To do
Retype each line below precisely and omit all images.

The data

== == ==

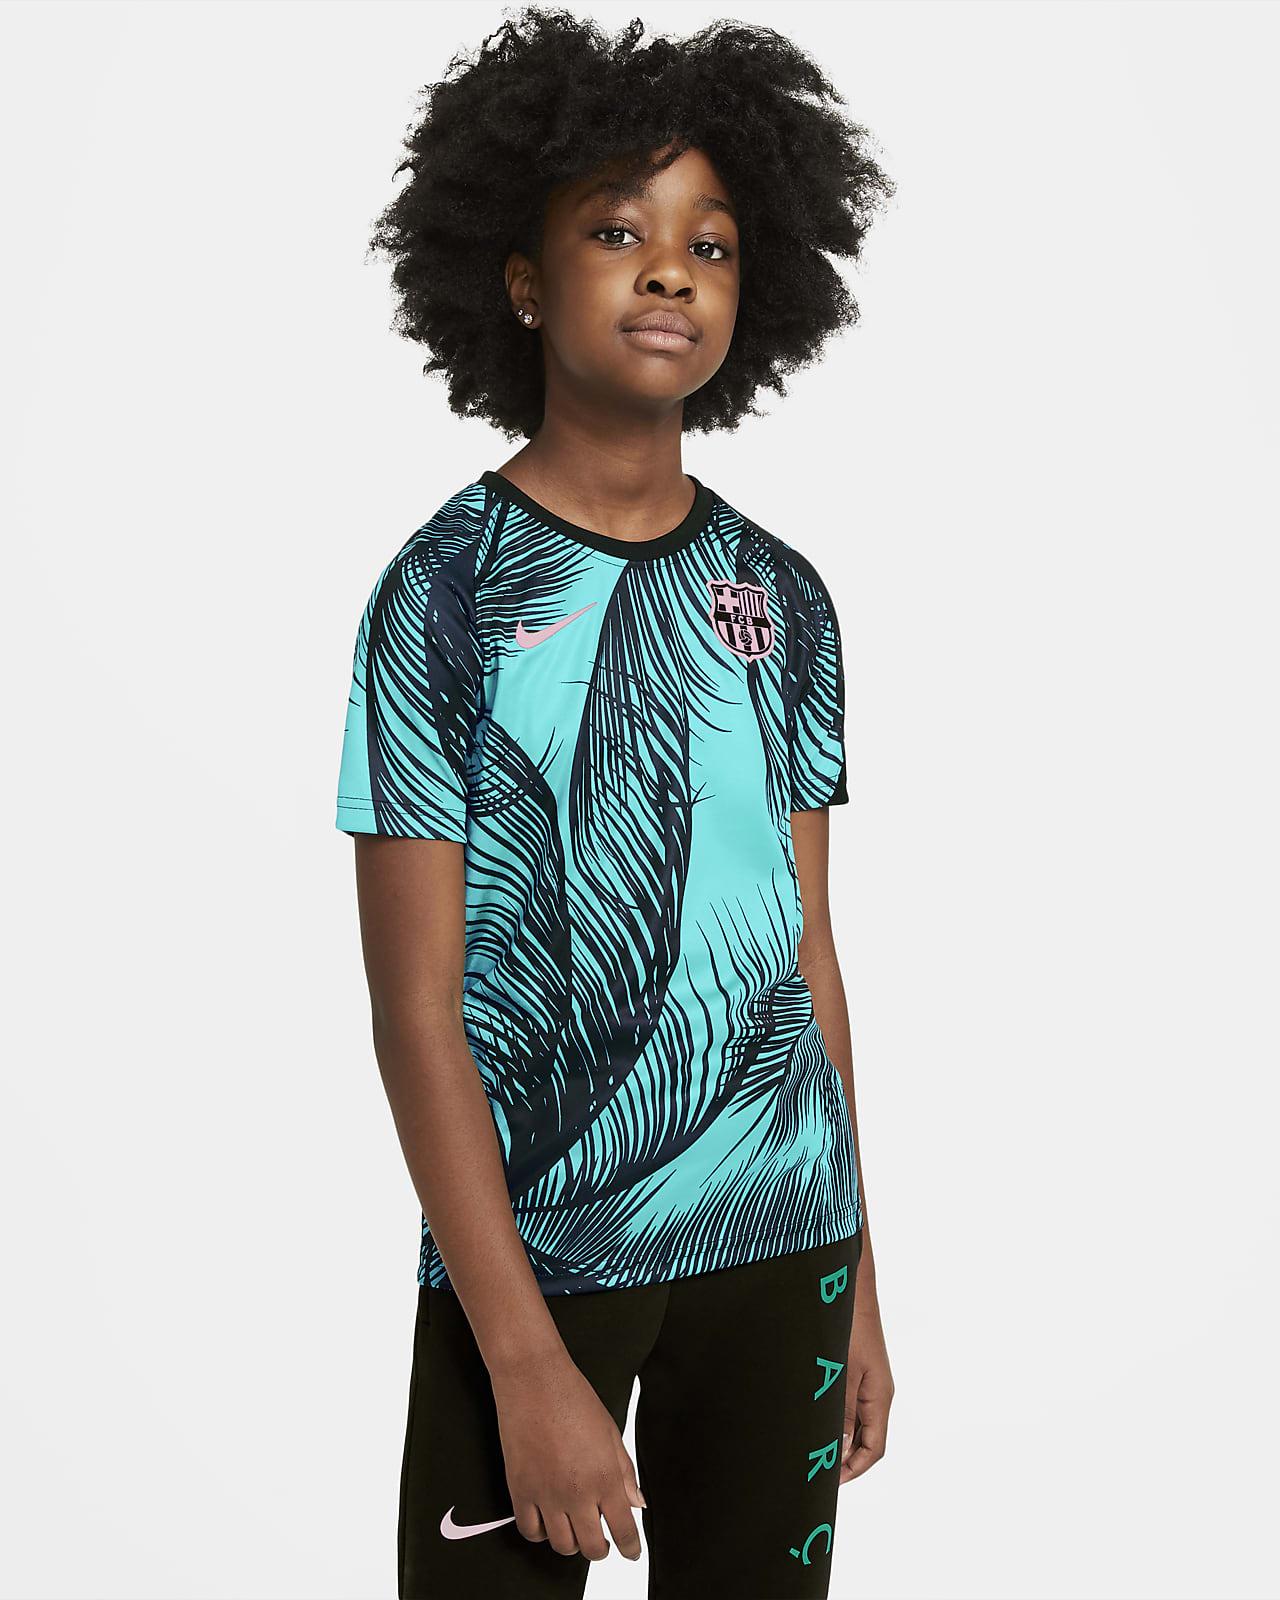 Předzápasové fotbalové tričko FC Barcelona skrátkým rukávem pro větší děti
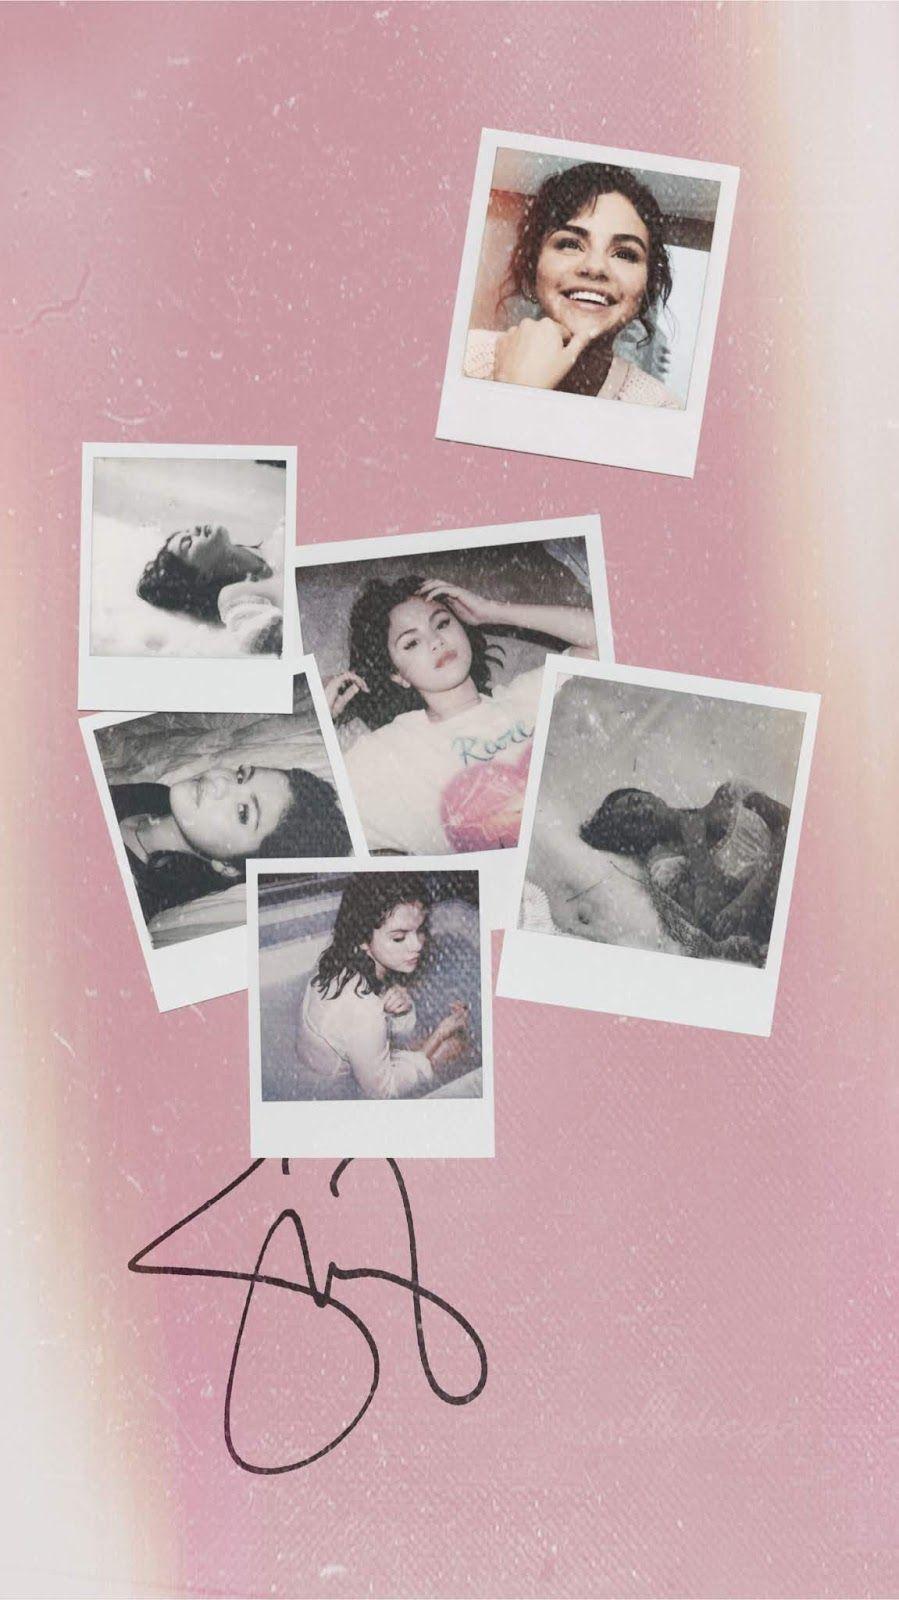 Selena Gomez Rare Wallpapers In 2020 Selena Gomez Wallpaper Selena Gomez Cute Selena Gomez
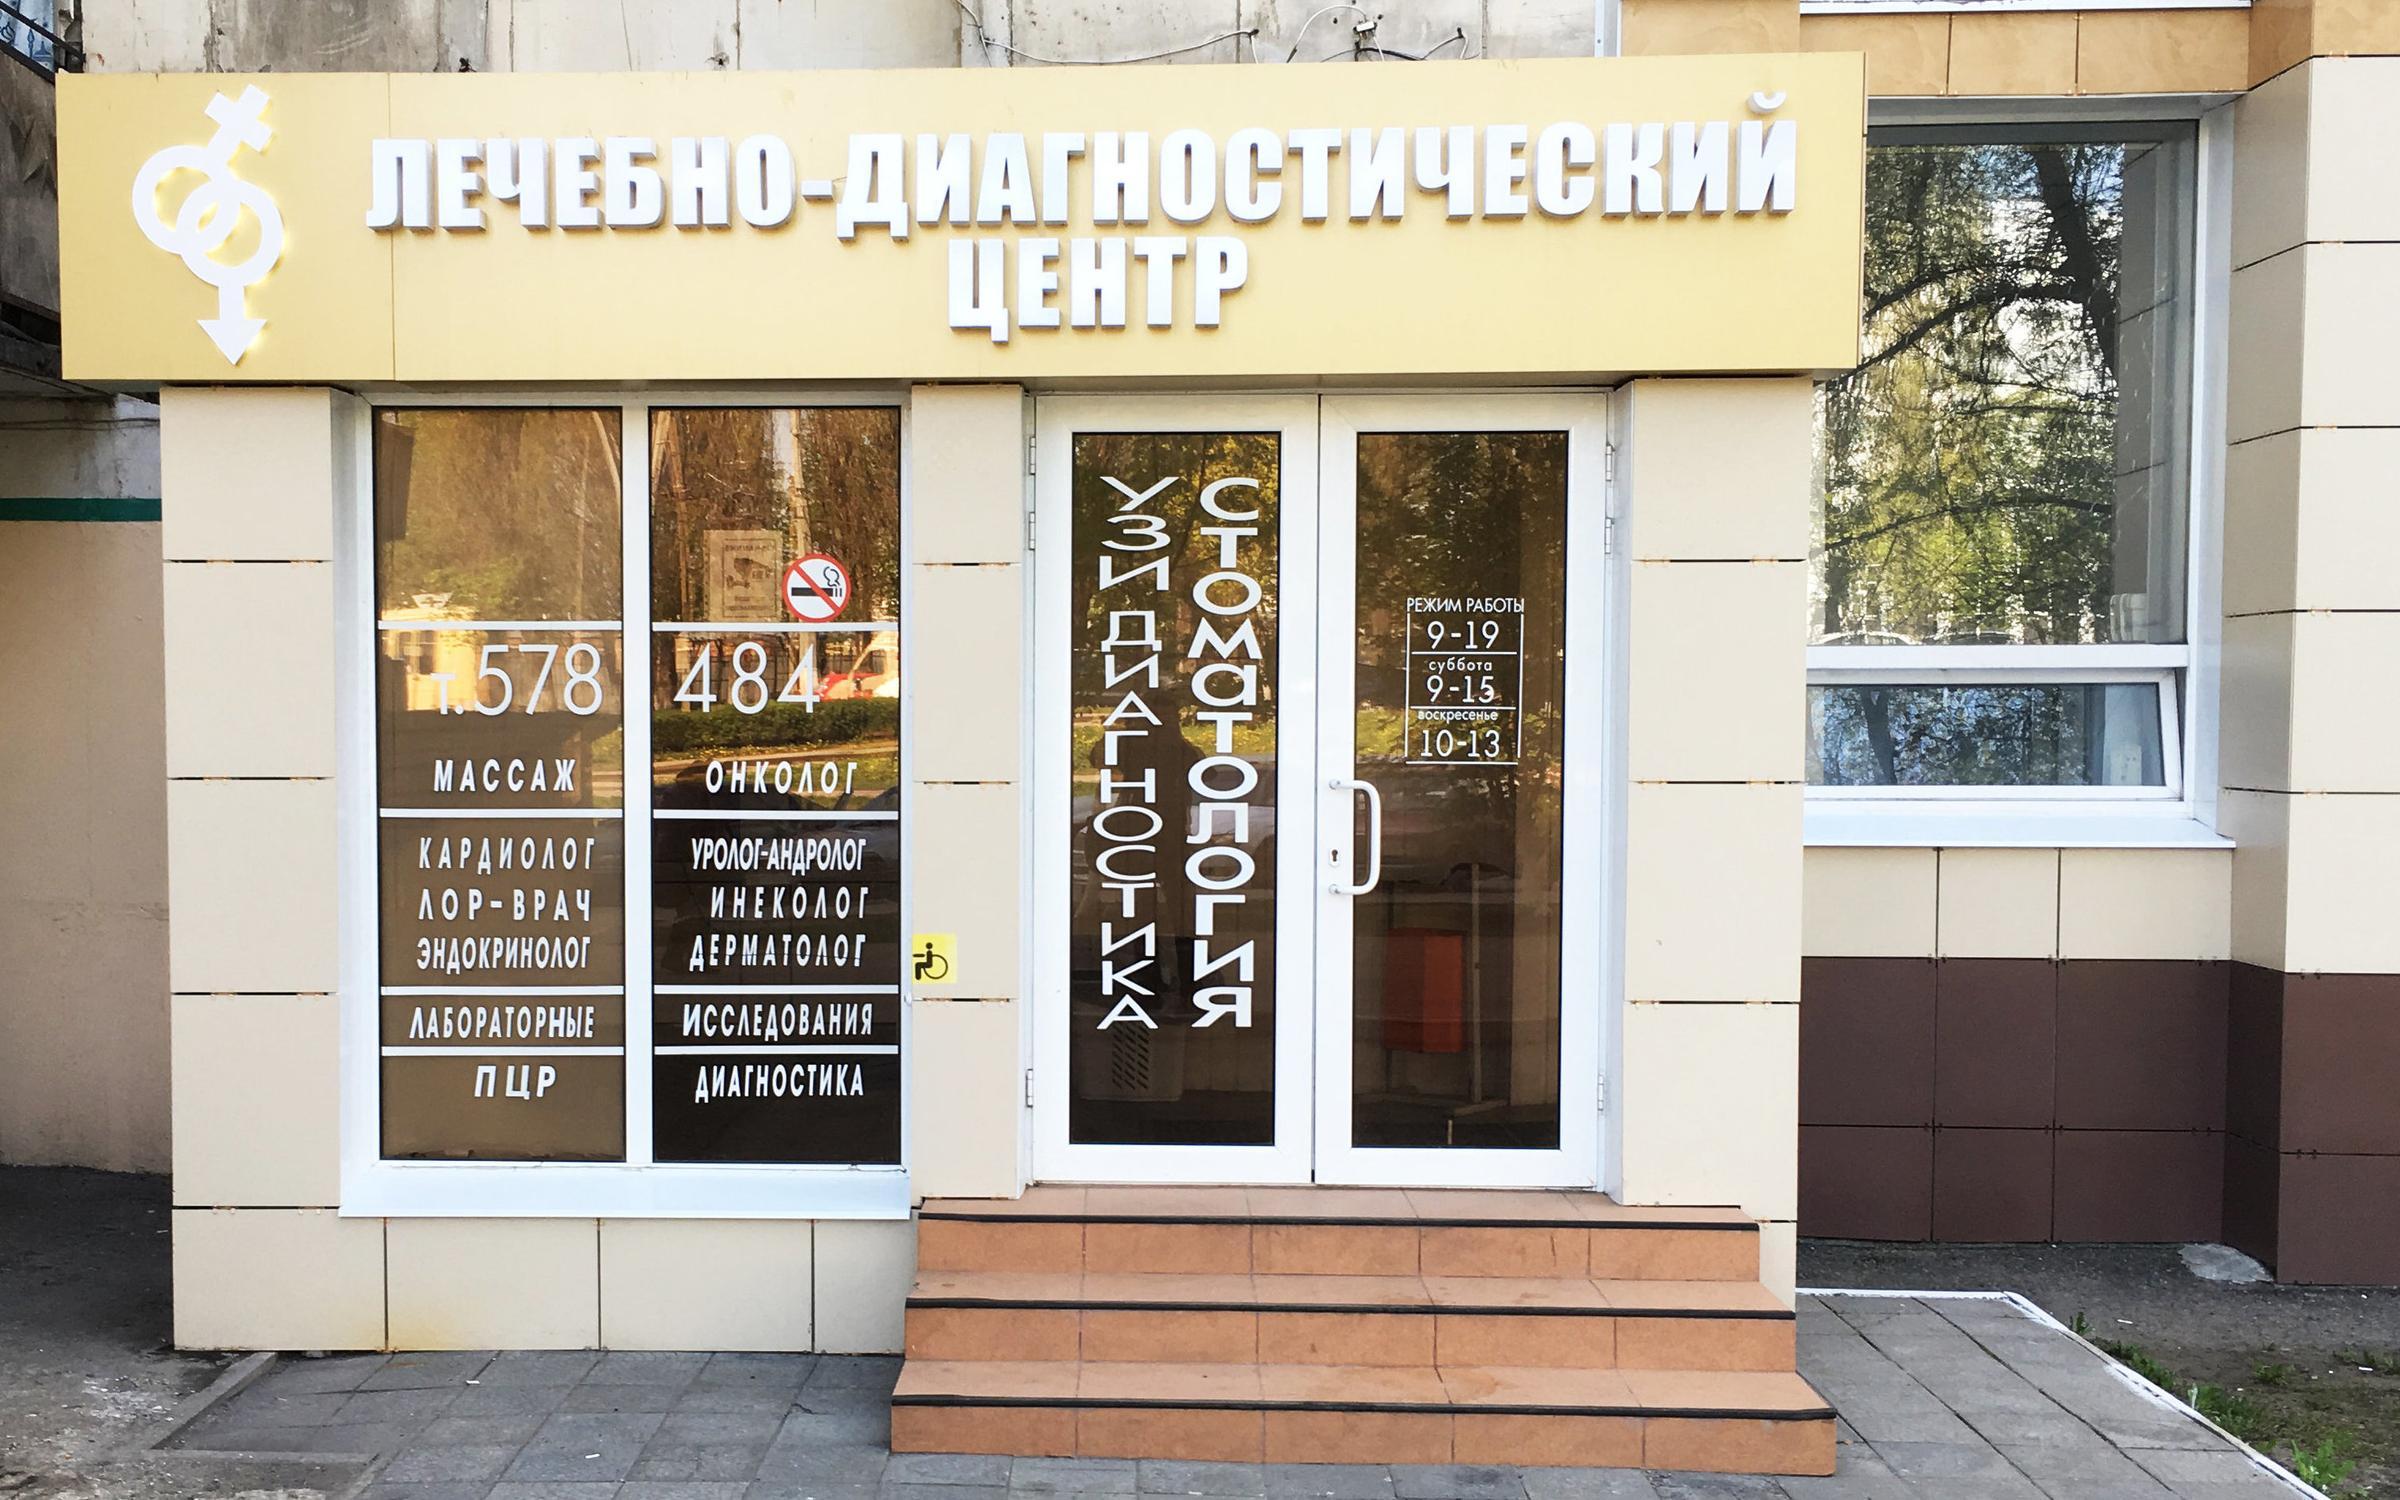 фотография Лечебно-диагностического центра на улице Щорса, 24

== == ==

Solution for this task
 Předzápasové fotbalové tričko FC Barcelona skrátkým rukávem pro větší děti
 Selena Gomez Rare Wallpapers In 2020 Selena Gomez Wallpaper Selena Gomez Cute Selena Gomez
 фотография Лечебно-диагностического центра на улице Щорса, 24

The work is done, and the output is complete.